10 CTX_ENTITY Package

The CTX_ENTITY PL/SQL package is used to locate and classify words and phrases into categories, such as persons or companies.

CTX_ENTITY contains the following stored procedures and functions.

Name Description

ADD_EXTRACT_RULE

Adds a single extraction rule to an extraction policy.

ADD_STOP_ENTITY

Marks certain entity mentions or entity types as not to be extracted.

COMPILE

Compiles added extraction rules into an extraction policy.

CREATE_EXTRACT_POLICY

Creates an extraction policy to use.

DROP_EXTRACT_POLICY

Drops an extraction policy.

EXTRACT

Generates an XML document describing the entities found in an input document.

REMOVE_EXTRACT_RULE

Removes a single extraction rule from an extraction policy.

REMOVE_STOP_ENTITY

Removes a stop entity from an extraction policy.

Note:

The APIs in the CTX_ENTITY package do not support identifiers that are prefixed with the schema or the owner name.

10.1 ADD_EXTRACT_RULE

The ADD_EXTRACT_RULE procedure adds a single extraction rule to extract policy. Invokers add rules into their own extraction policy. Extraction rules have sentence-wide scopes. Extraction rules have to be case-sensitive except for entity types and rule operators in the rule expression. Order of rule addition is not important. Addition of a rule will not be effective until CTX_ENTITY.COMPILE is executed. This procedure issues a commit.

Syntax

CTX_ENTITY.ADD_EXTRACT_RULE(
  policy_name                 IN VARCHAR2,
  rule_id                     IN INTEGER,
  extraction_rule             IN VARCHAR2);
policy_name

Specify the policy name.

rule_id

Specify a unique rule ID within an extraction policy. The rule ID must be greater than 0.

extraction_rule

The rule text in XML format specifies the language, expression, and entities to be extracted. The rule text follows the XML schema as follows:

<xsd:schema xmlns:xsd="http://www.w3.org/2001/XMLSchema">
<xsd:element name="rule">
  <xsd:sequence>
    <xsd:element name="expression" type="xsd:string"/>
    <xsd:complexType>
      <xsd:attribute name="refid" type="xsd:positiveInteger"/>
    </xsd:complexType>
    <xsd:element name="comments type="xsd:string" default="\0"/>
  </xsd:sequence>
  </xsd:attribute name="language" type="xsd:string" default="ALL"/>
</xsd:element>
</xsd:schema>

Where:

  • The language attribute of the rule tag specifies the applied language for the rule. The rule will only be applied to documents that are of the specified languages. The language attribute can be left out, or set to "ALL" if the rule is to match on all documents.

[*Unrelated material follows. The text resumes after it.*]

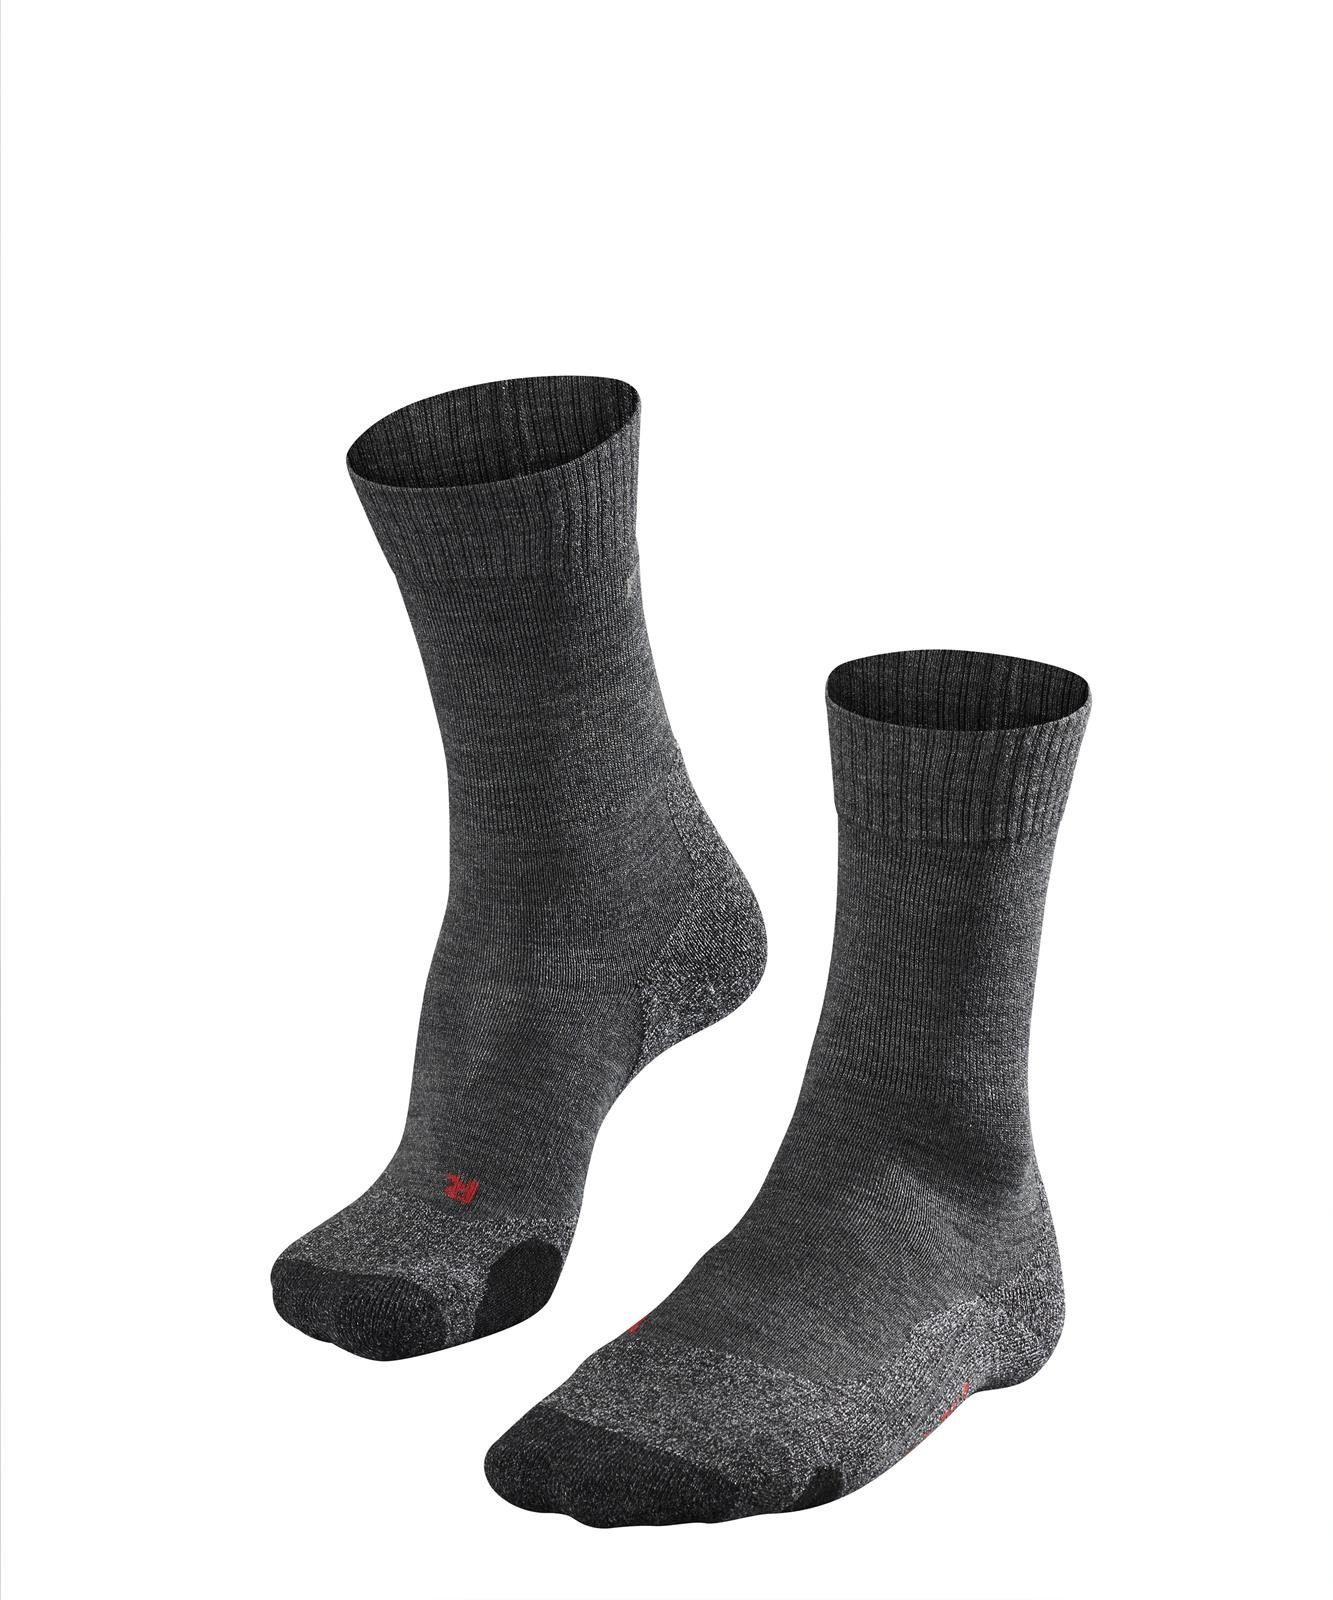 FALKE Sportsocken Herren Socken - Trekking Socken TK2, Polsterung Anthrazit (3180) | Sportsocken

  • The expression tag contains the posix regular expression that will be used in the matching.

  • The comments tag allows users to associate any comments with this user rule.

  • The type tag assigns the extracted entity text to a given entity type. The refid attribute of the type tag specifies which backreference in the regular expression corresponds to the actual entity. The entity type can be one of the Oracle supplied types, listed in Table 10-1, or it can be a user-defined type, which must be prefixed with the letter "x".

Table 10-1 Supplied Entity Types

Supplied Entity Type Explanation Examples

building

A particular building

White House

city

New York

company

Oracle Corporation

country

United States

currency

Dollar

date

July 4

day

Monday, Tuesday

email_address

person@example.com

geo_political

A political or strategic organization

United Nations

holiday

Name of a country holiday

Labor Day

location_other

Other types of locations

Atlantic Ocean

month

June, July

non_profit

Non-profit organization

Red Cross

organization_other

Other types of organizations

Supreme Court

percent

Expressed as number and %

10%

person_jobtitle

Person referred to by title

President, Professor

person_name

Person referred to by name

John Doe

person_other

Other types of persons

Other types of persons (for example, criminal)

phone_number

(123)-456-7890

postal_address

Redwood Shores, CA

product

Oracle Text

region

North America

ssn

Social Security Number

123-45-6789

state

A state or province

California

time_duration

A length of time

10 seconds

tod

Time of day

8:00 AM

url

Web address

www.example.com

zip_code

Zip Code

CA 94065

Example 1

The following example shows how to define an extraction rule and associate it with an entity extraction policy. The following rule defines a simple extraction rule for finding email addresses in documents.

begin
  ctx_entity.add_extract_rule('pol1', 1,
  '<rule>
    <expression>email is (\w+@\w+\.\w+)</expression>
    <type refid = "1">email_address</type>
   </rule>');
end;
/

Where:

  • Given the sentence: "My email address is jdoe@company.com", this extraction rule will extract "jdoe@company.com" as an entity of type email_address.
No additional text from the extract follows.